■ What to do ■
Extract the whole listing as it stands. Do not include the pictures.

■ Stored data ■
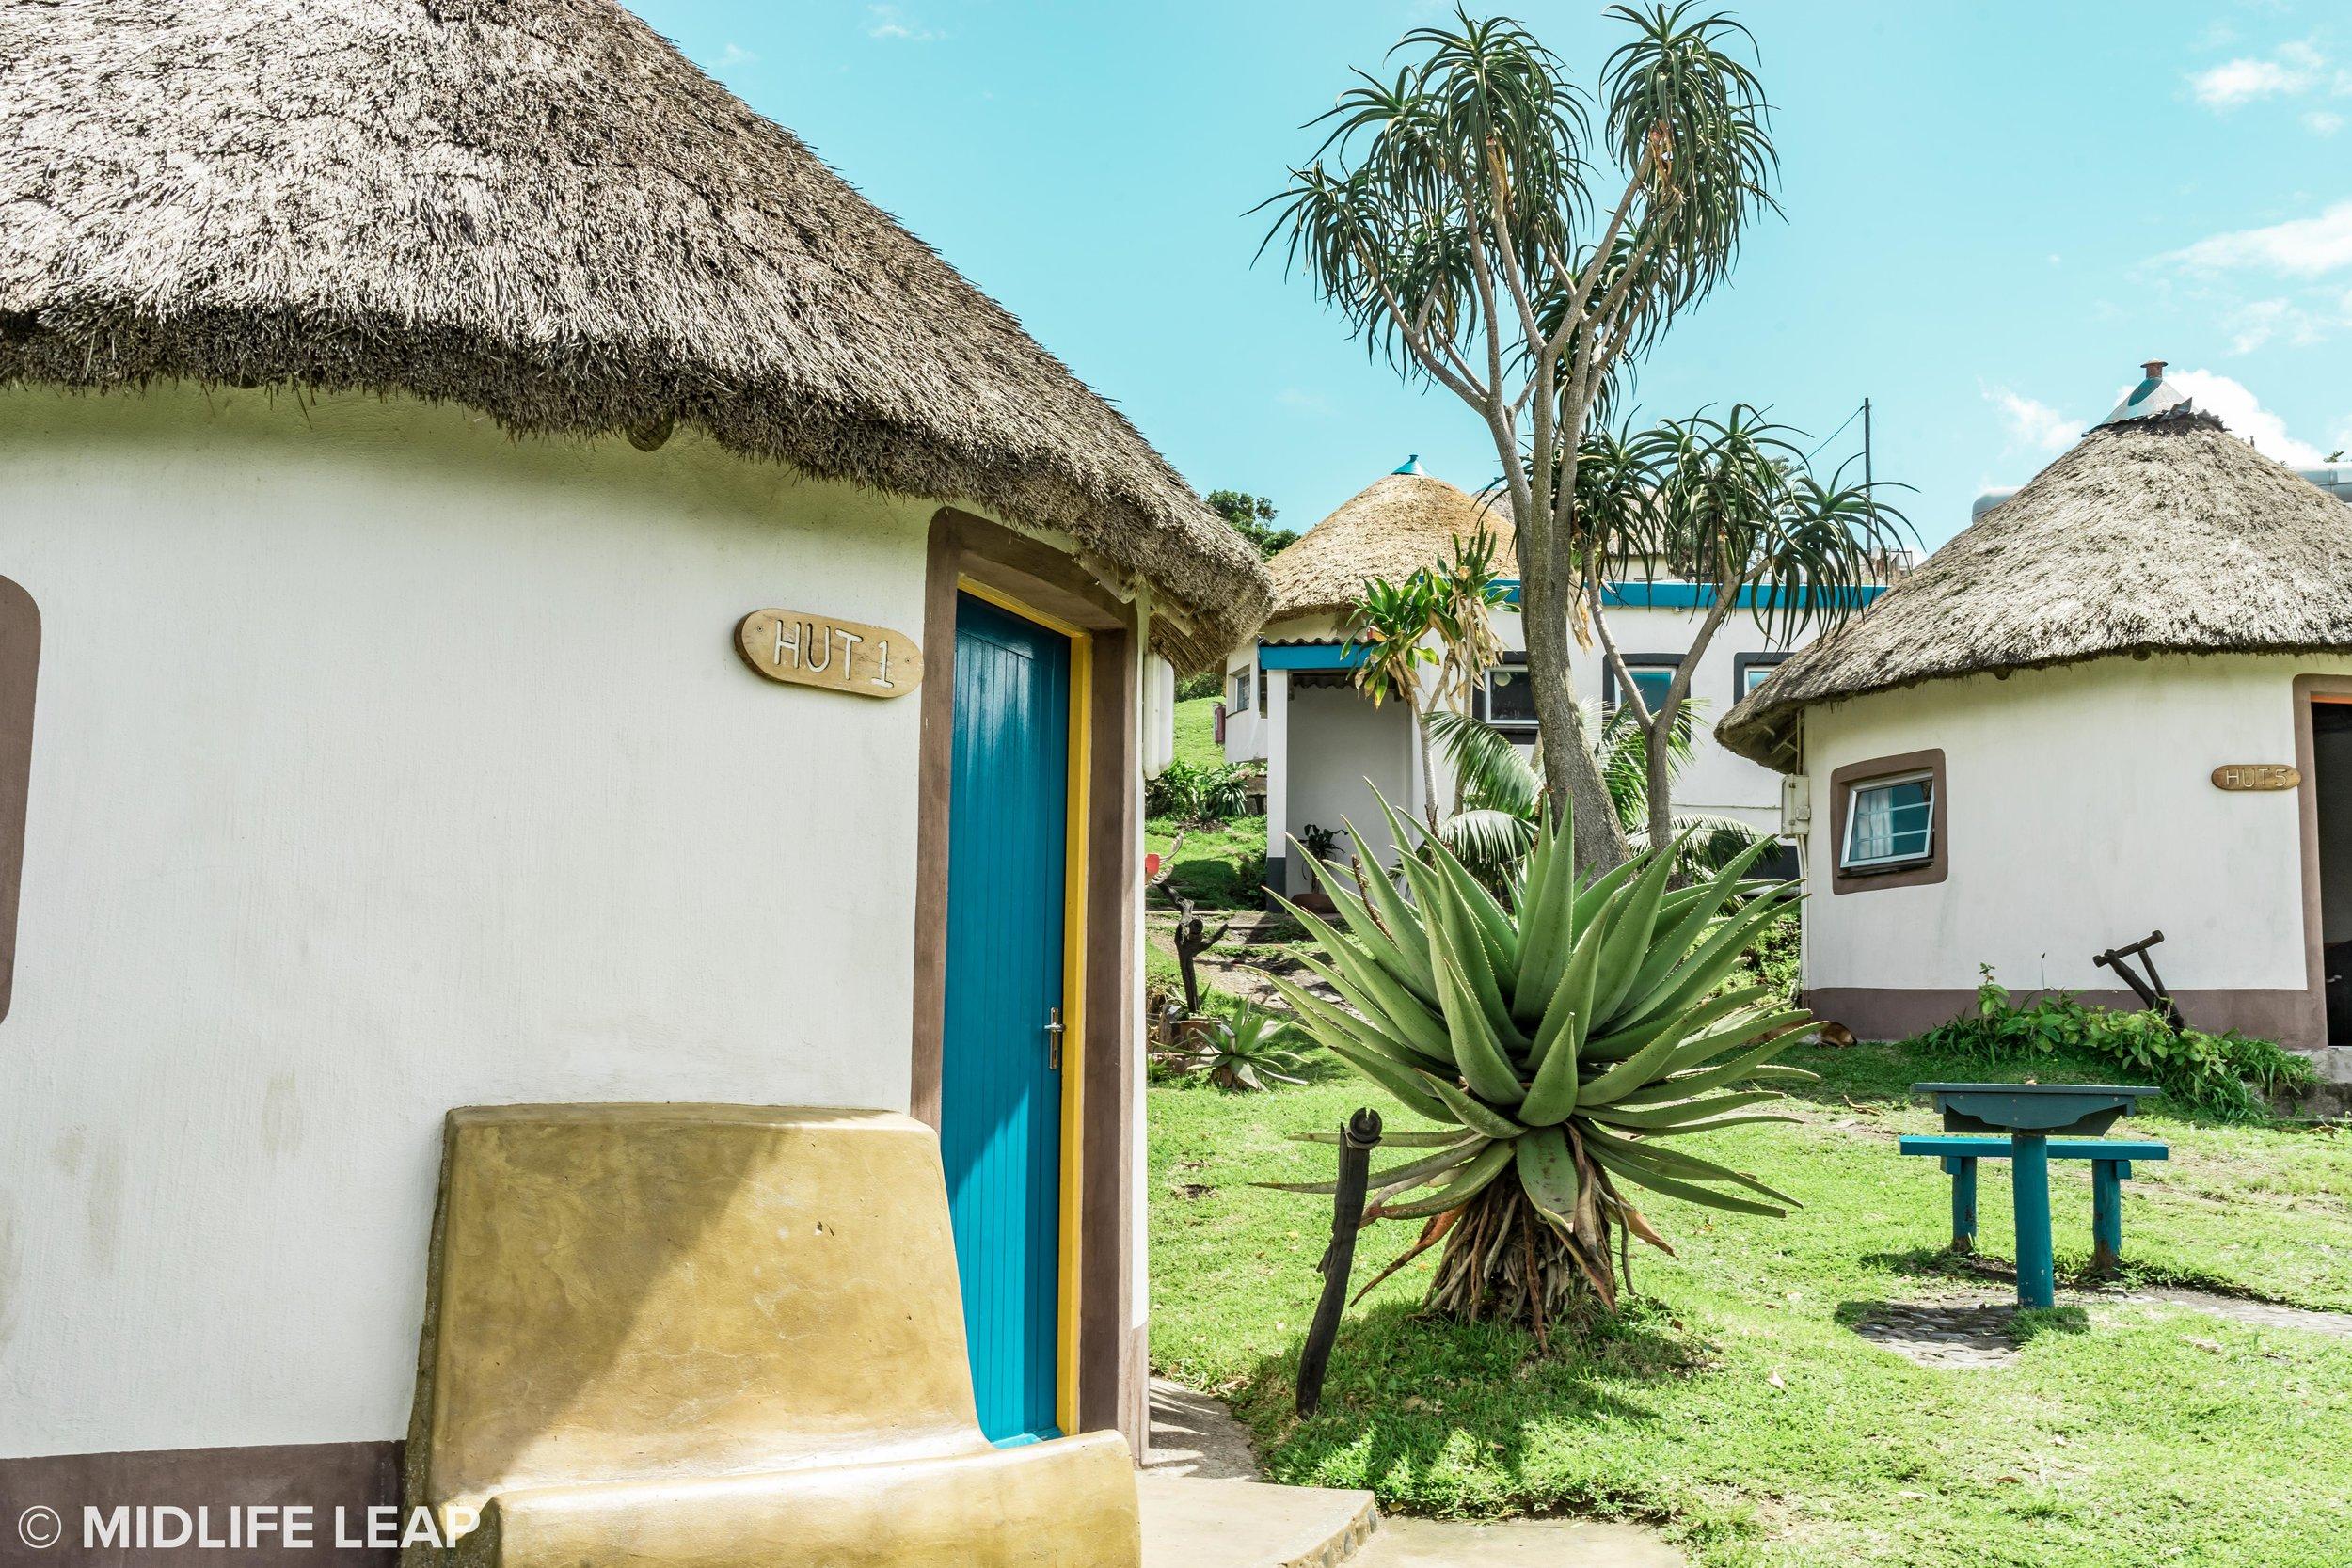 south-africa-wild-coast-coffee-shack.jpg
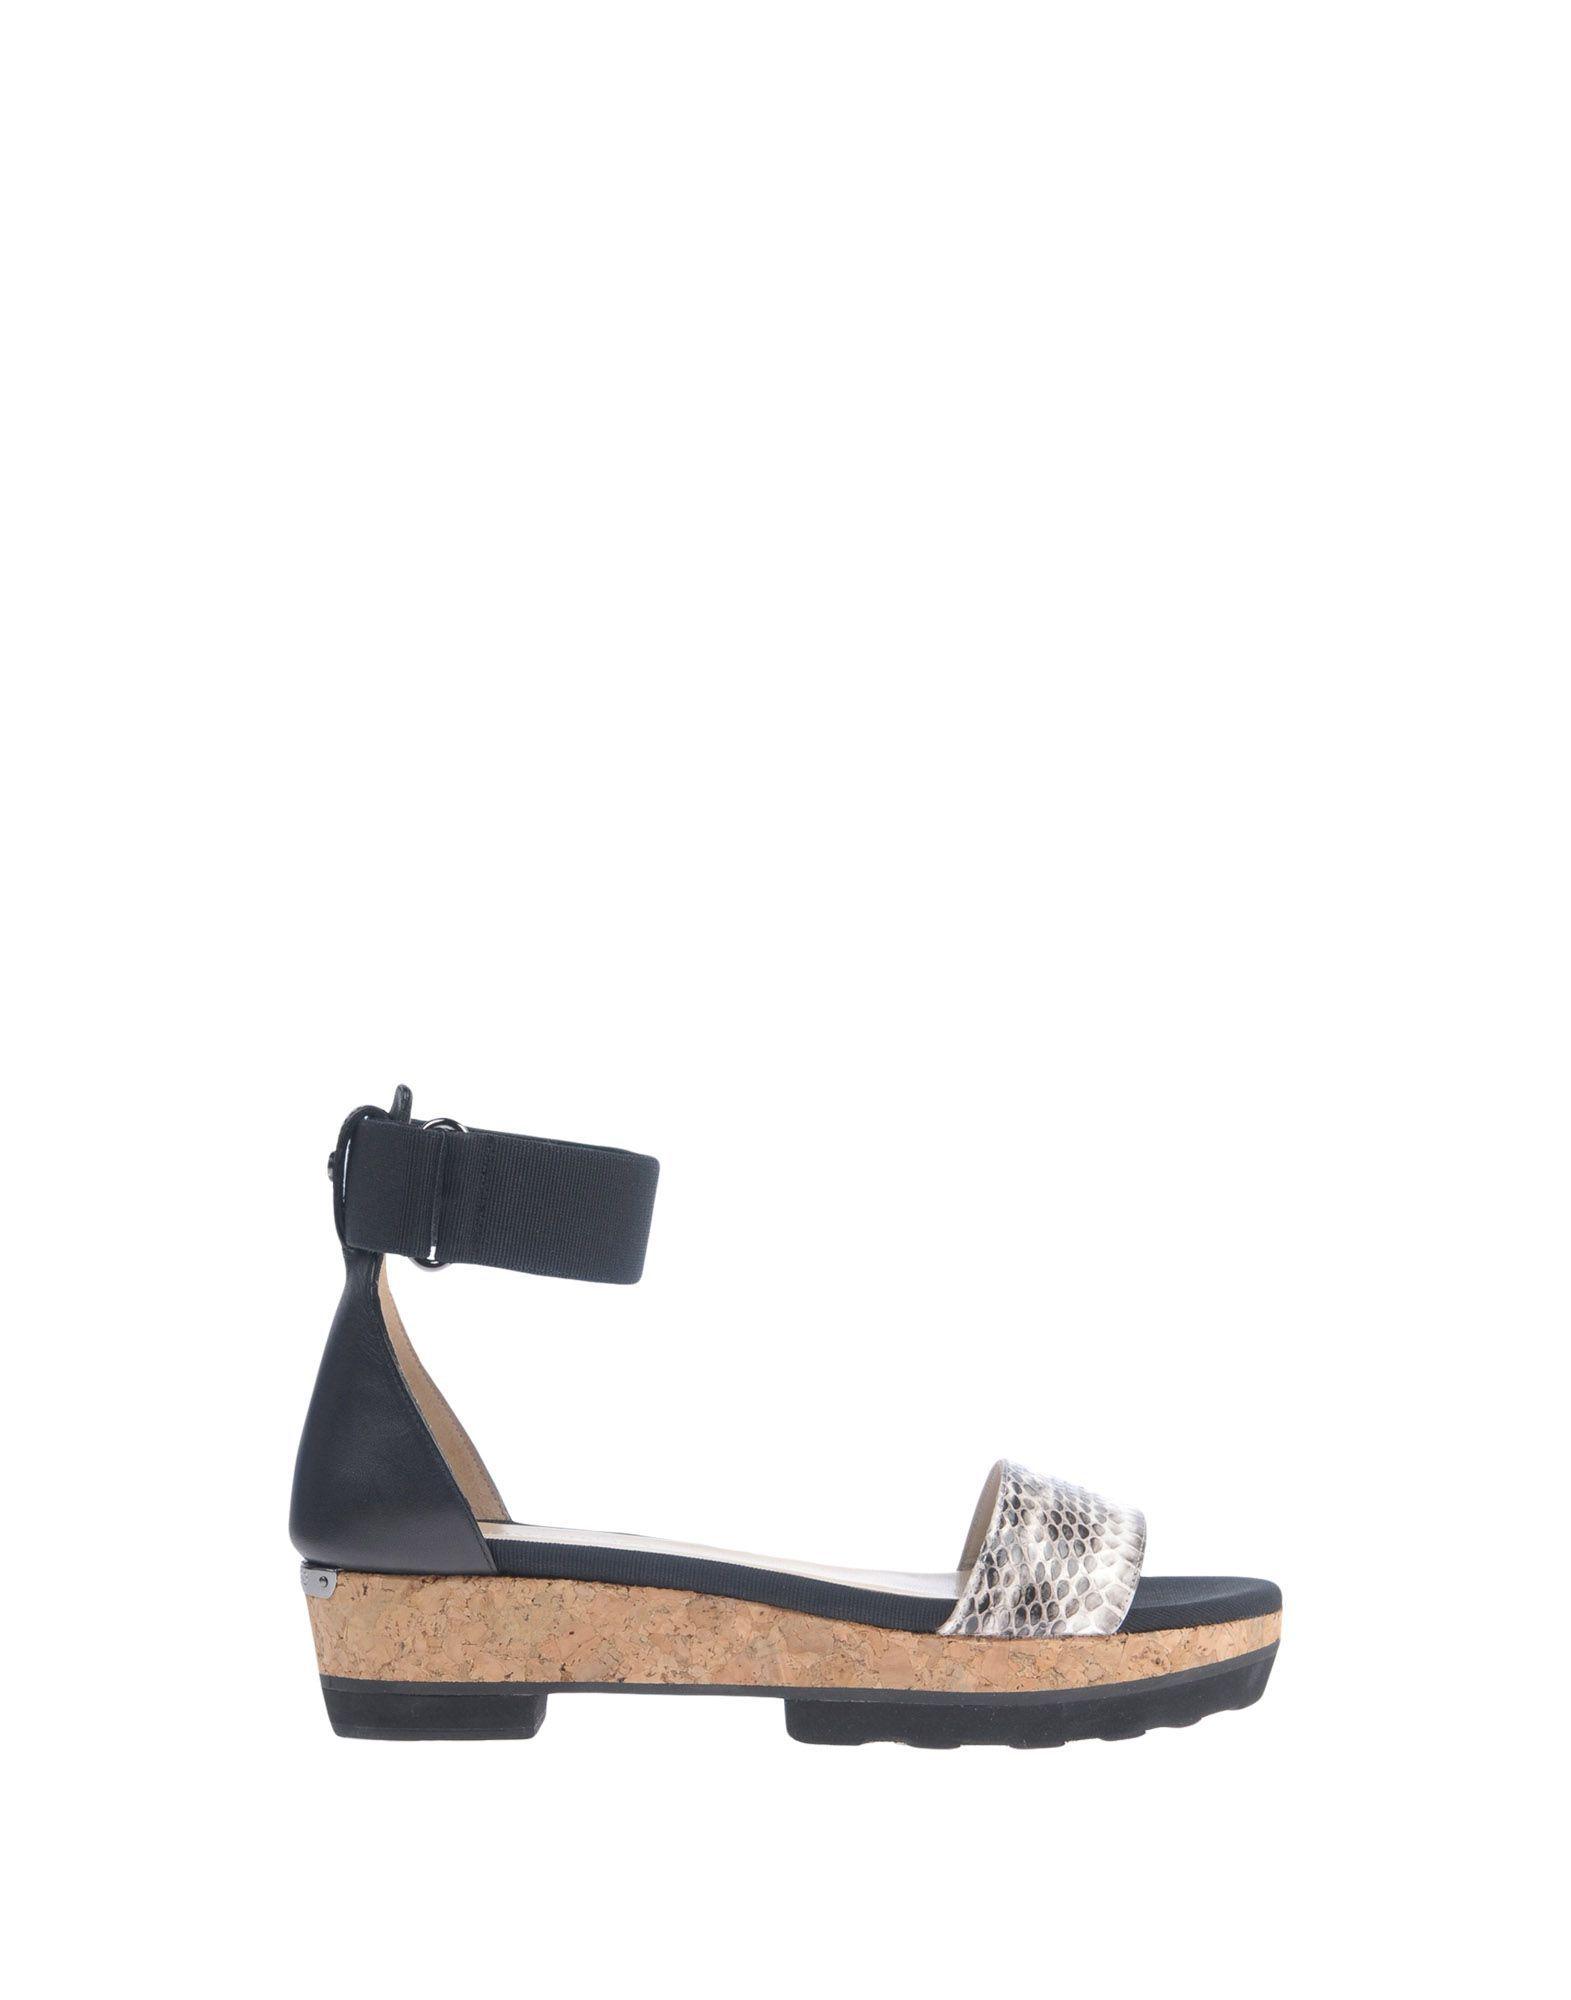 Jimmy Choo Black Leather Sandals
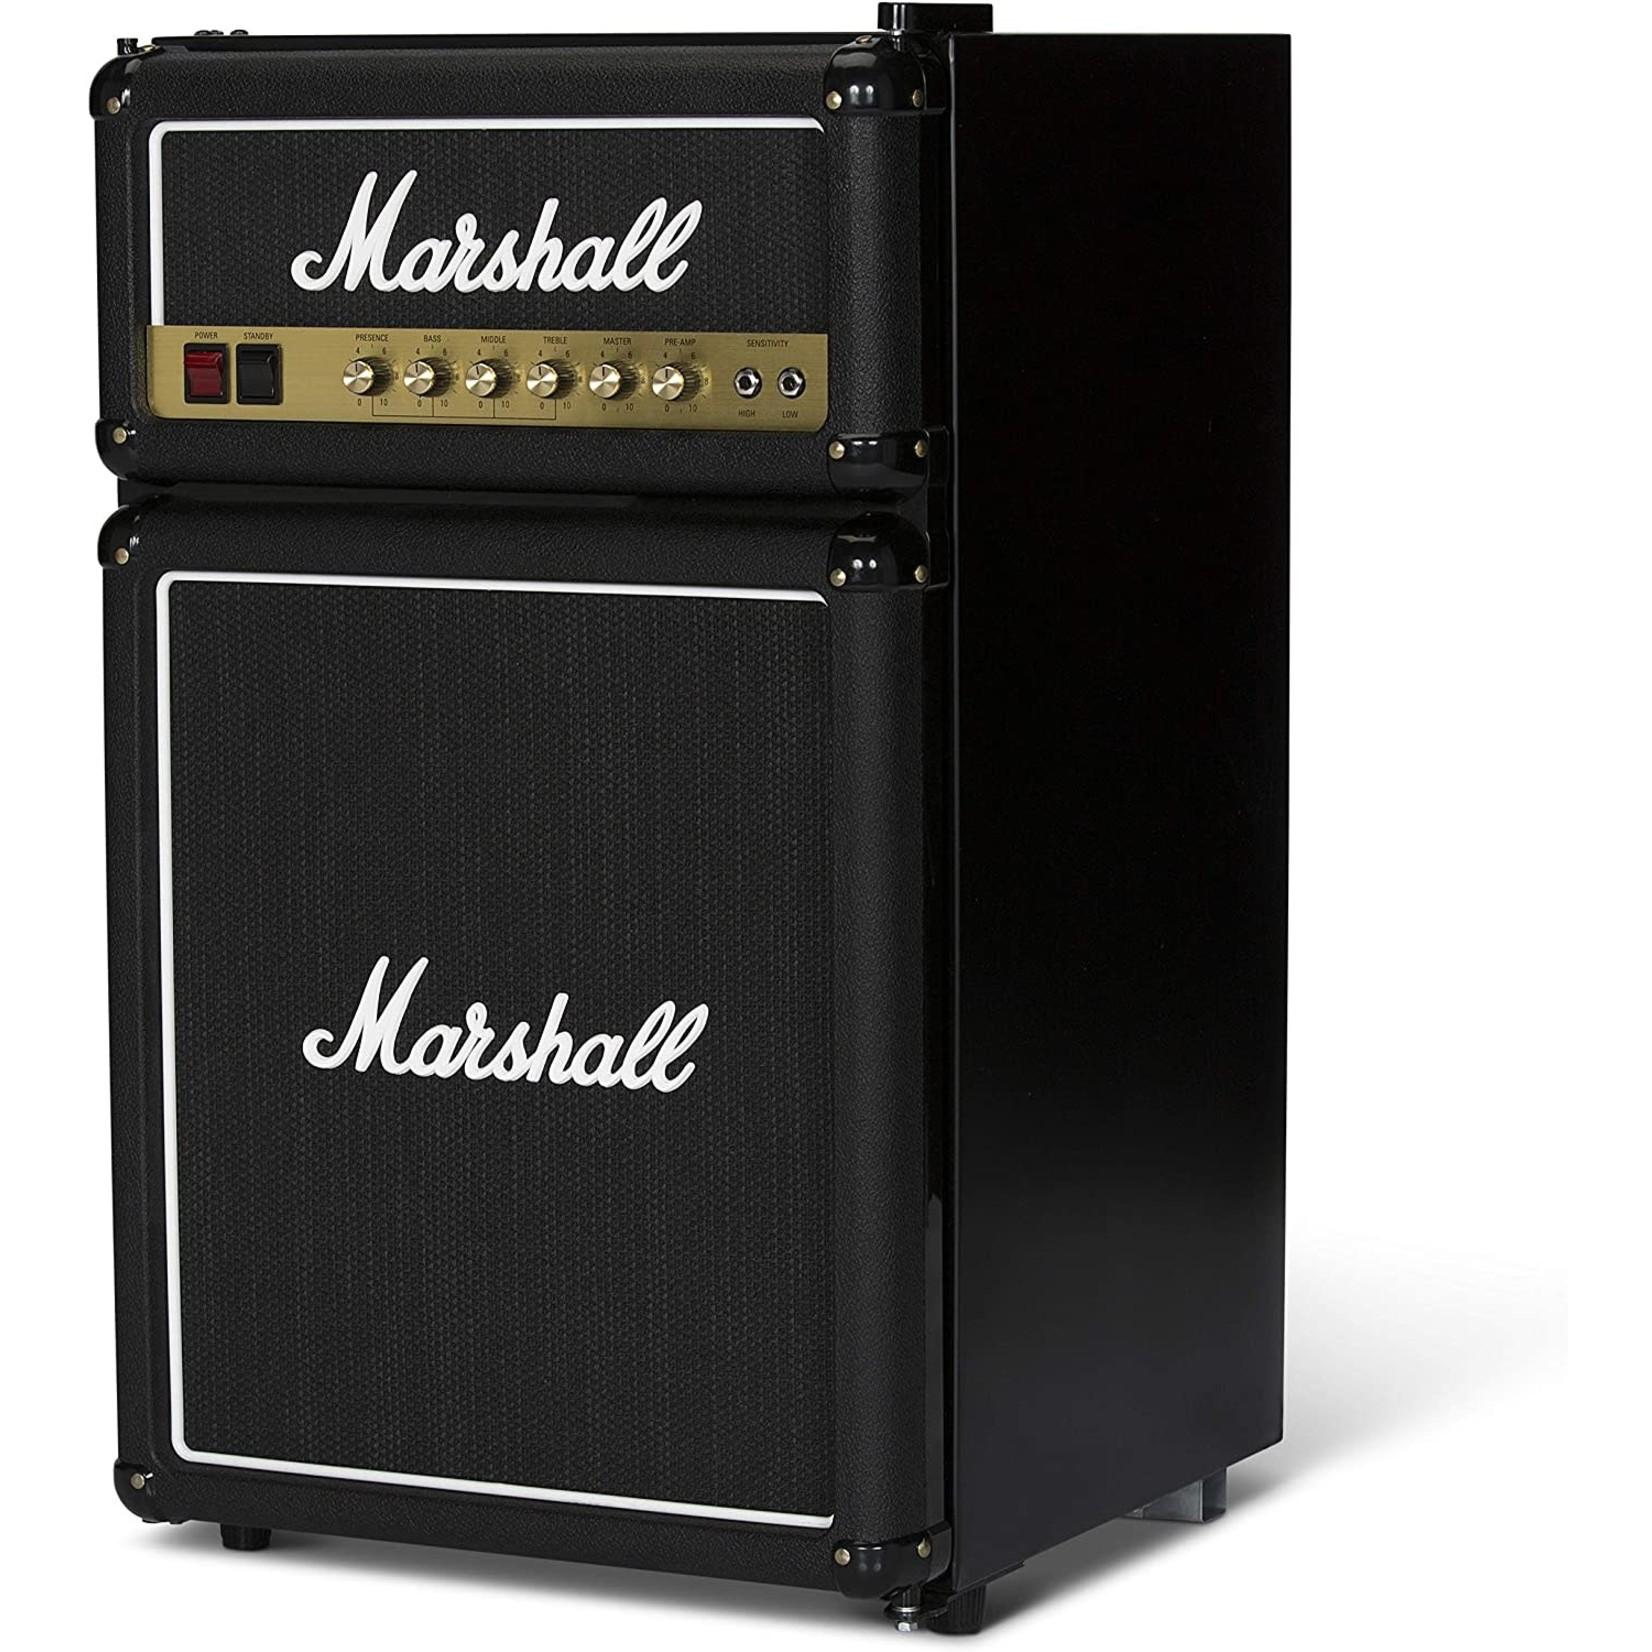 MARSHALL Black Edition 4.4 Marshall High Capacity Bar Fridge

■ Task response ■
 south-africa-wild-coast-coffee-shack.jpg
 Jimmy Choo Black Leather Sandals
 MARSHALL Black Edition 4.4 Marshall High Capacity Bar Fridge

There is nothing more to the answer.